# TASK PROMPT
Write every line below out again, exactly as given, but leave out the pictures.

======== EXTRACTED DATA ========

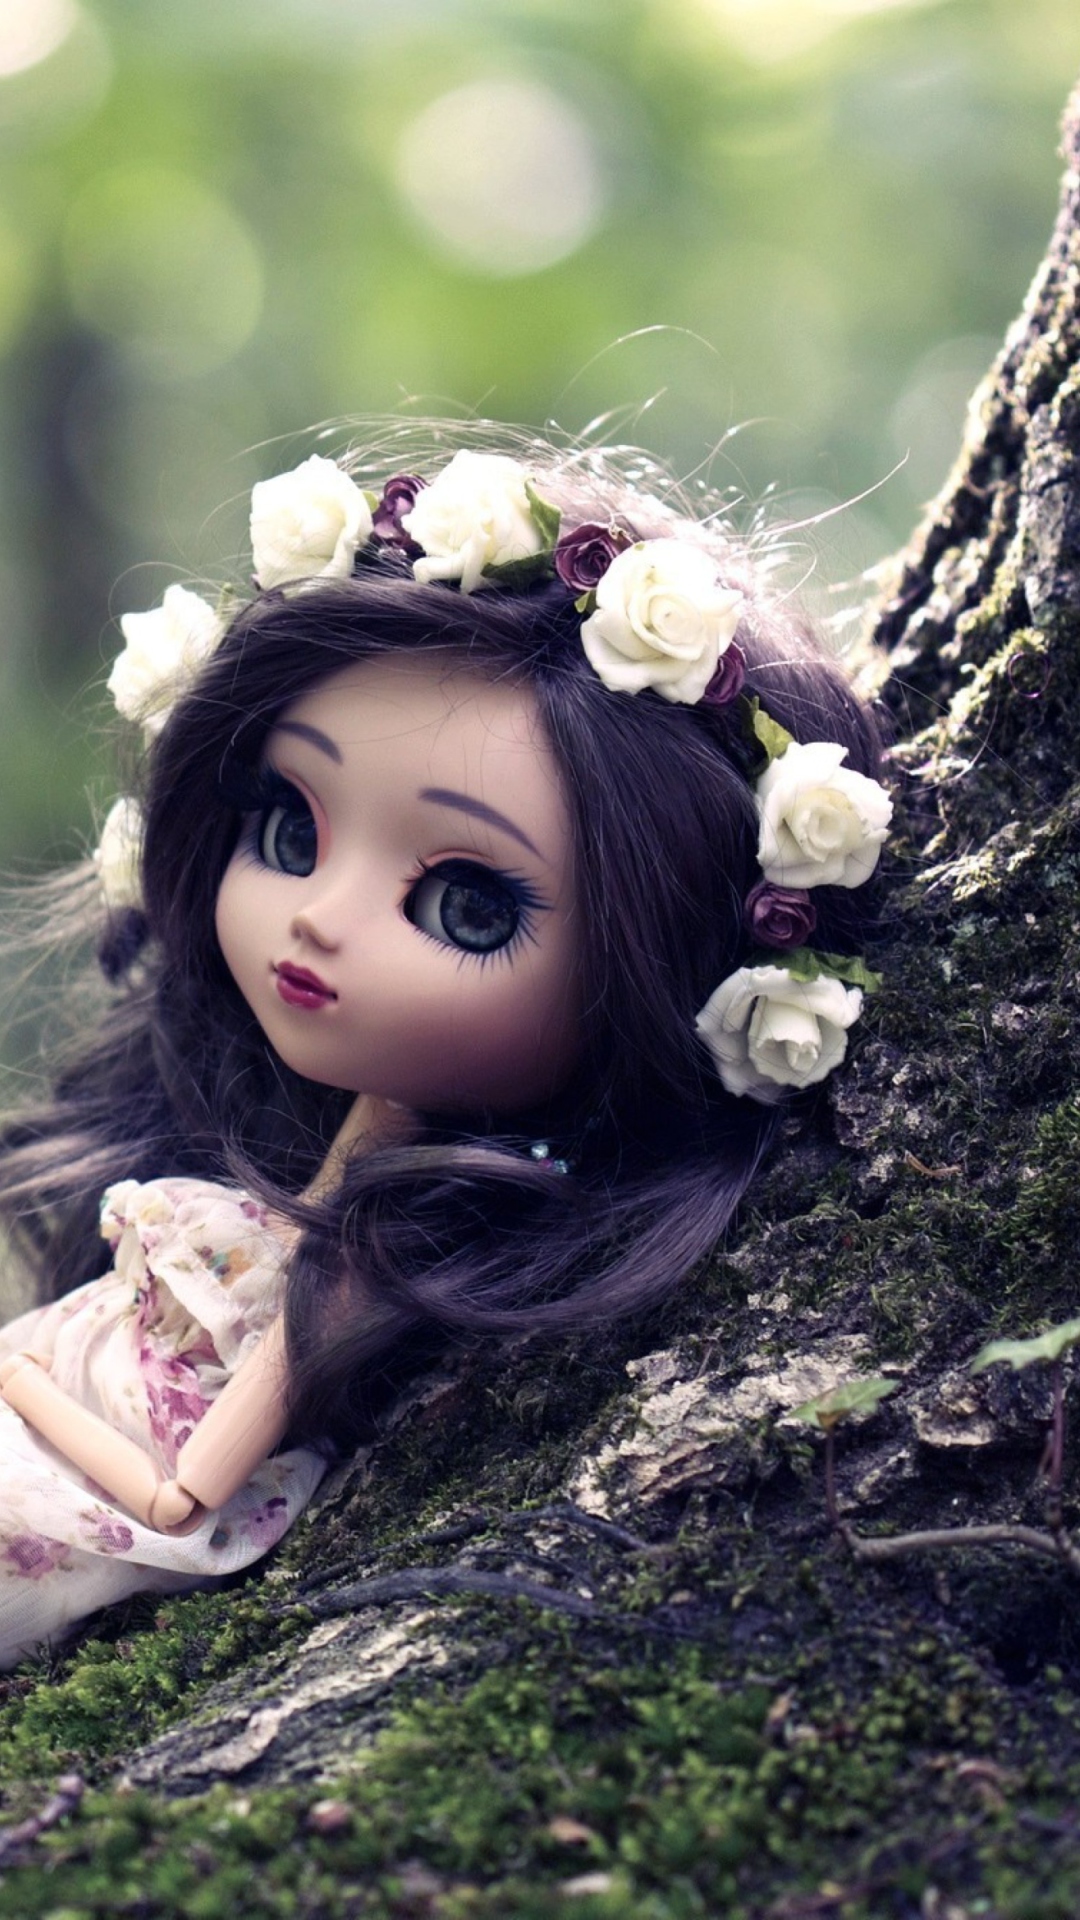 Обои Beautiful Brunette Doll In Flower Wreath 1080x1920
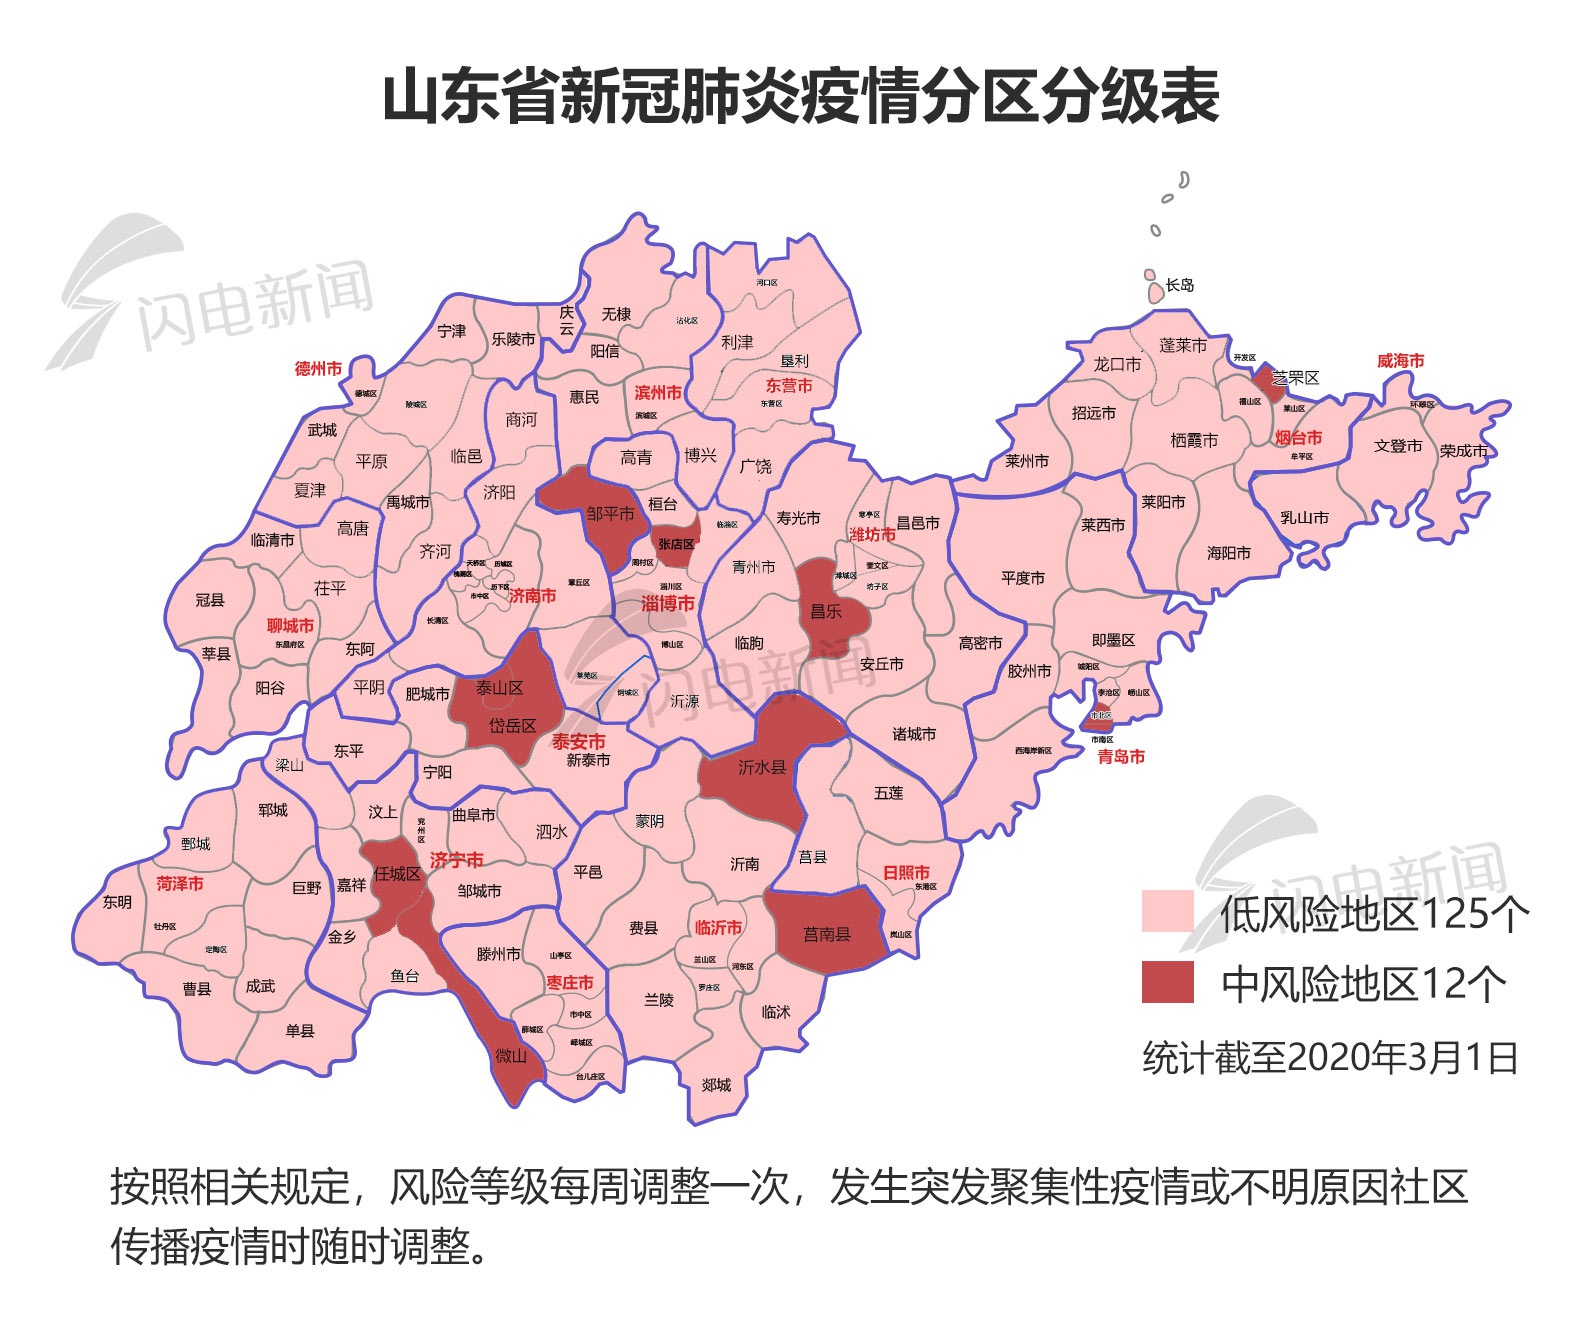 山东省疫情地图发布图片
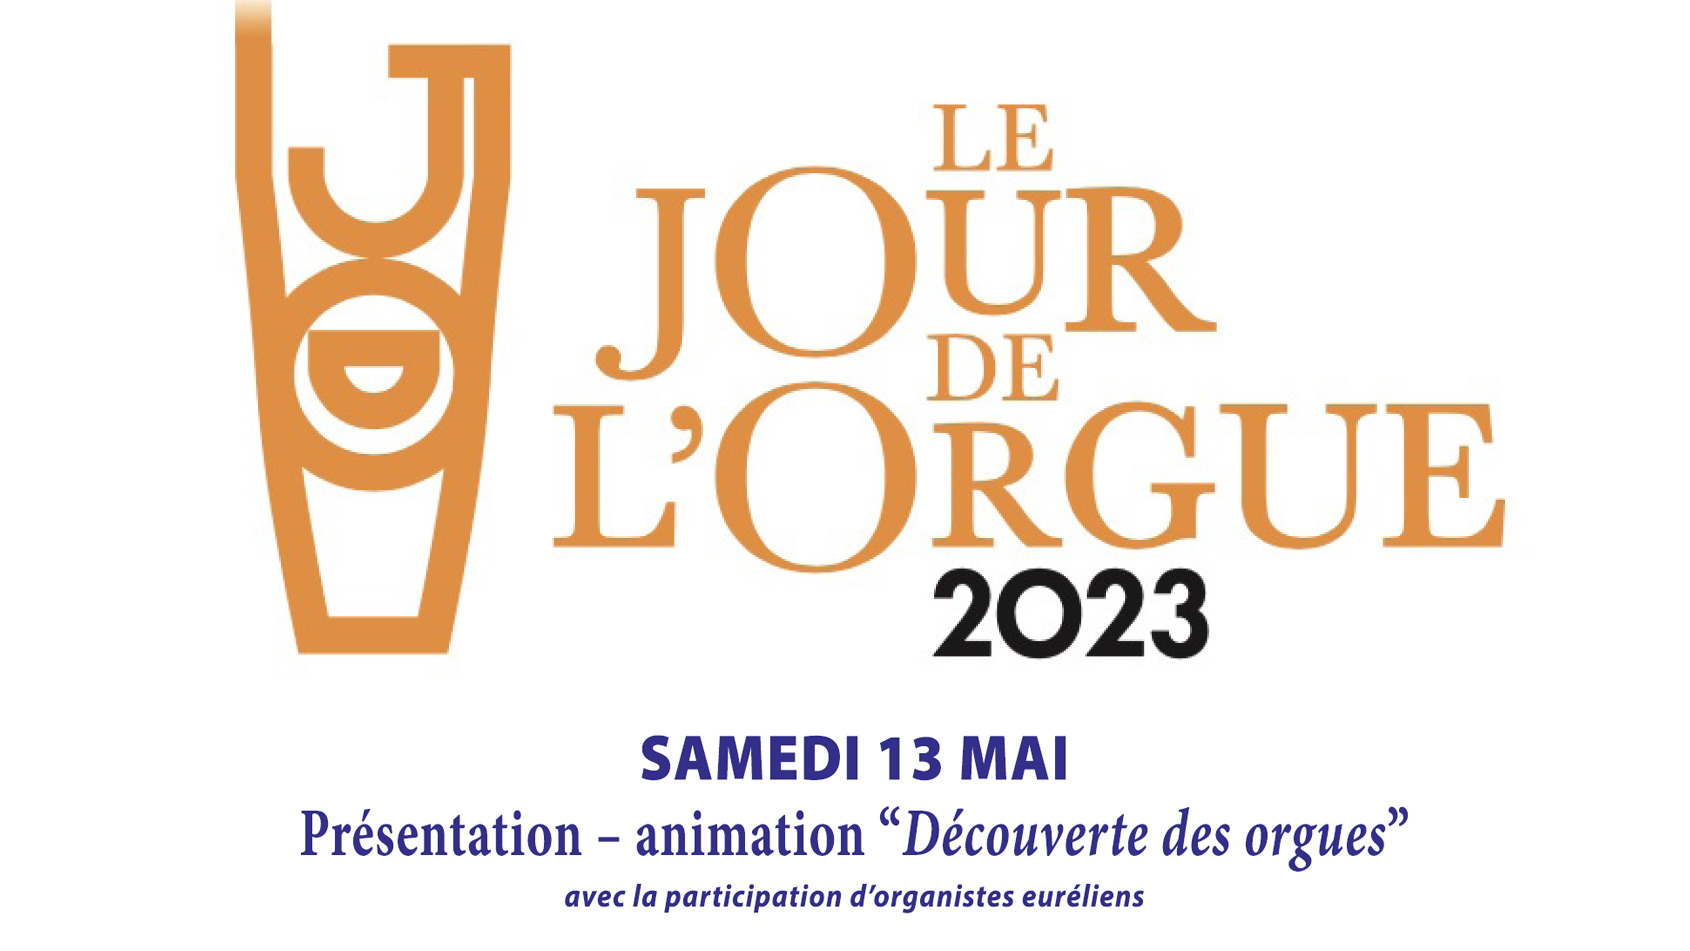 Jour de l'orgue - Chartres 2023
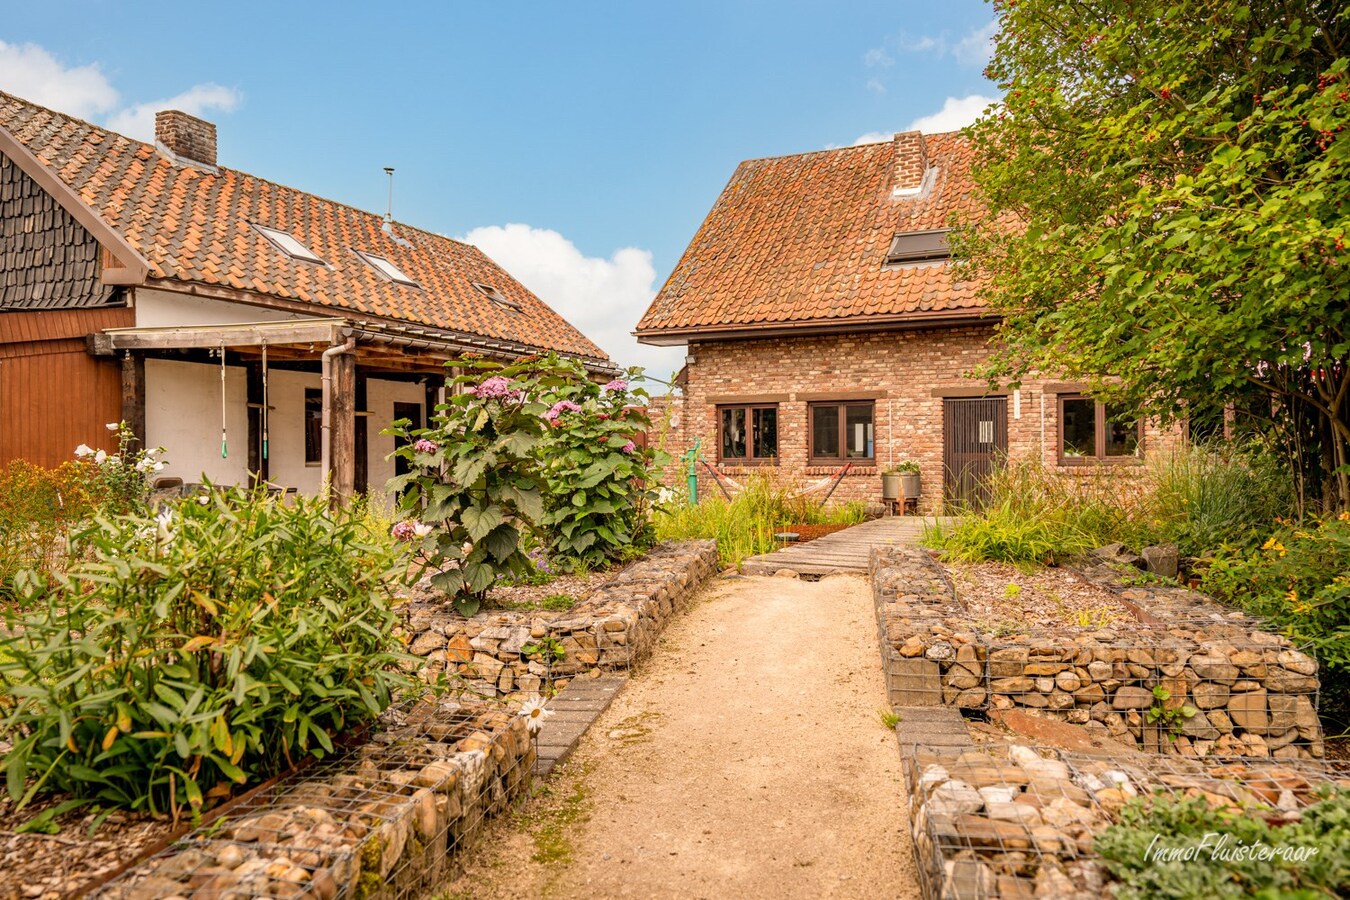 Property sold in Kortessem
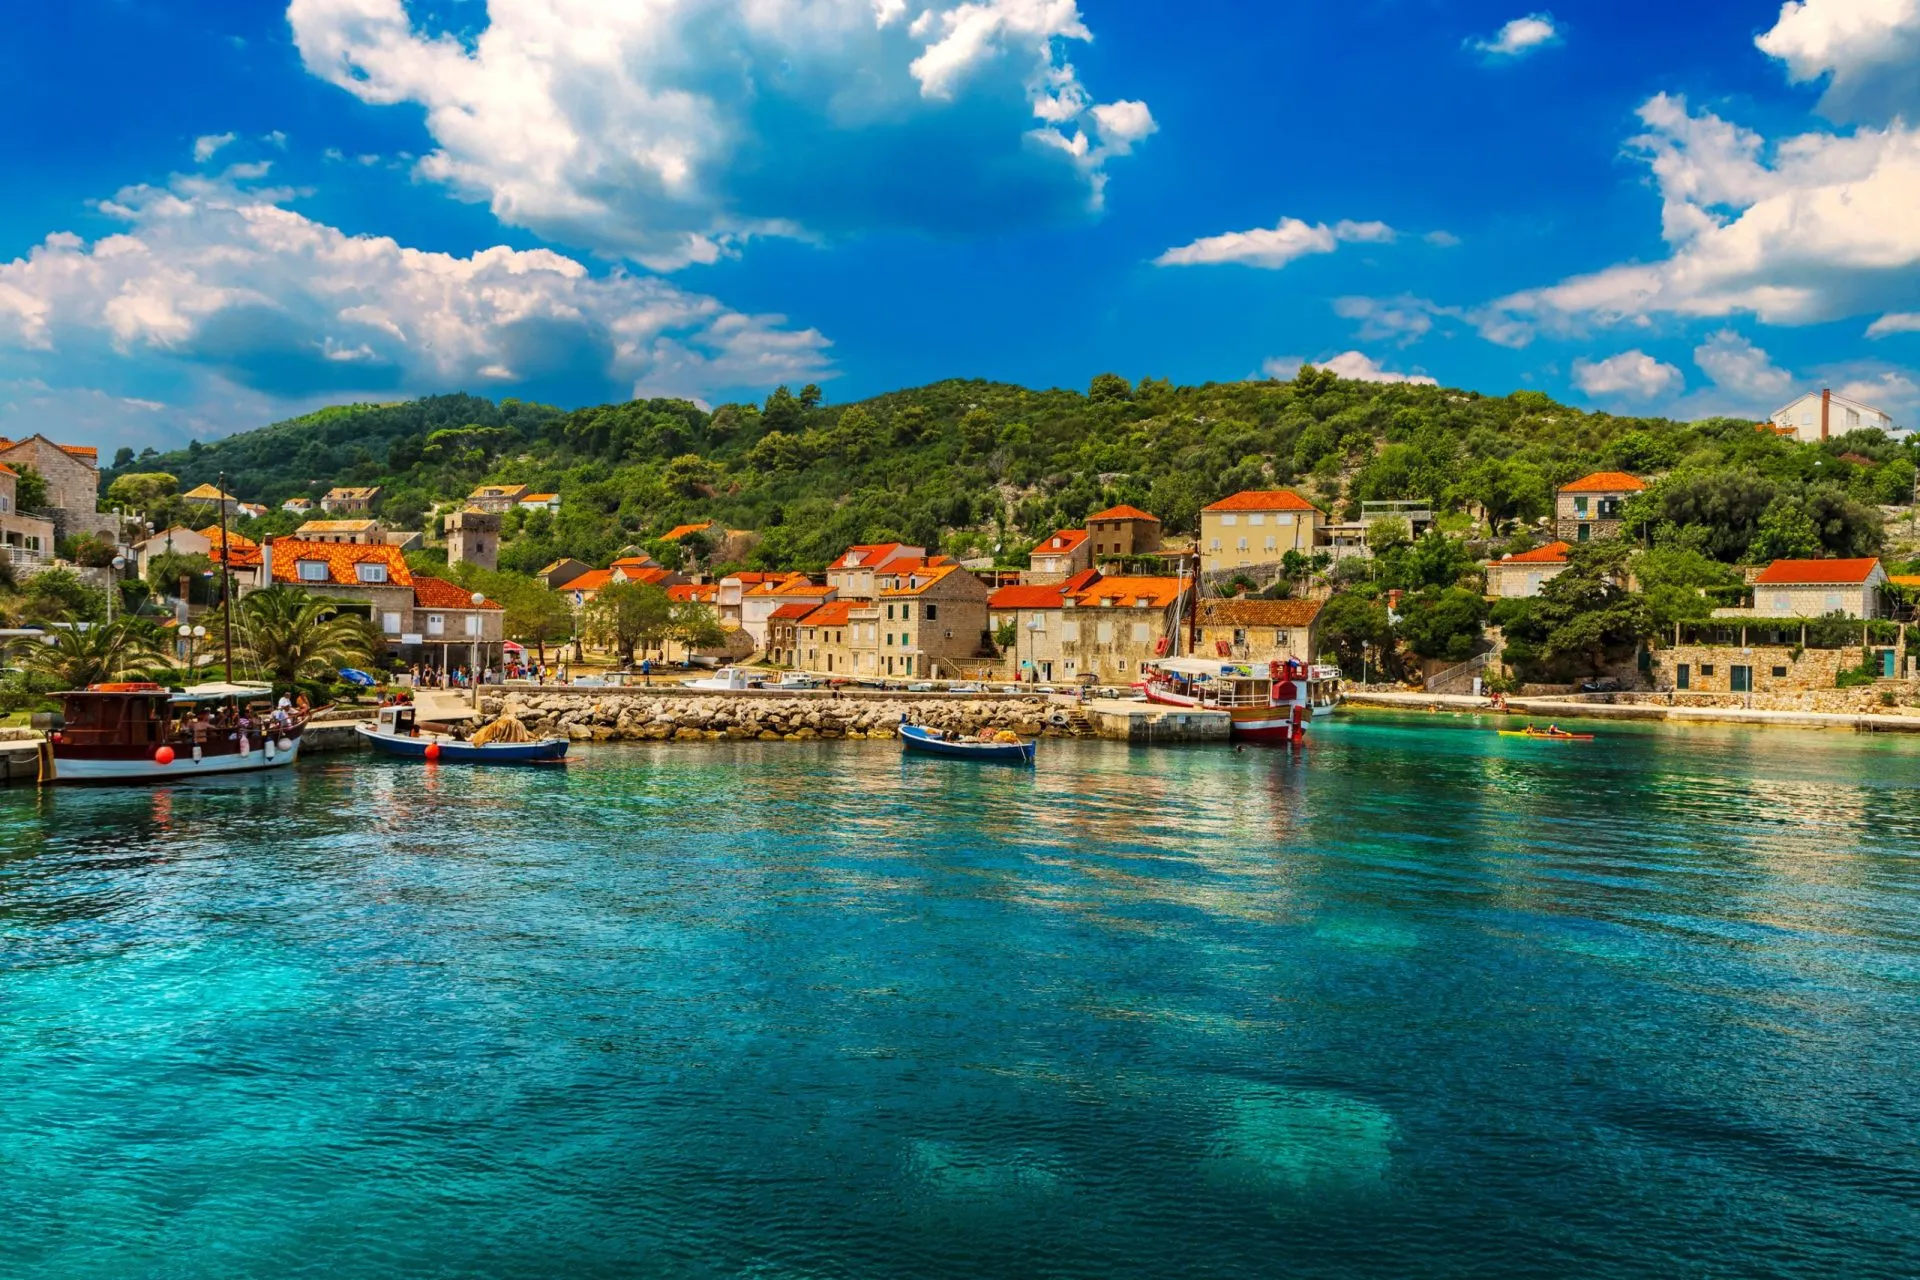 Croatia. South Dalmatia - Elaphiti Island. The island of Sipan (also Sipano, Giuppana) situated near Dubrovnik city. Sudurad (San Giorgio) settlement

========

# ANSWER SECTION
 Обои Beautiful Brunette Doll In Flower Wreath 1080x1920
 山东省疫情地图发布图片
 Jour de l'orgue - Chartres 2023
 Property sold in Kortessem
 Croatia. South Dalmatia - Elaphiti Island. The island of Sipan (also Sipano, Giuppana) situated near Dubrovnik city. Sudurad (San Giorgio) settlement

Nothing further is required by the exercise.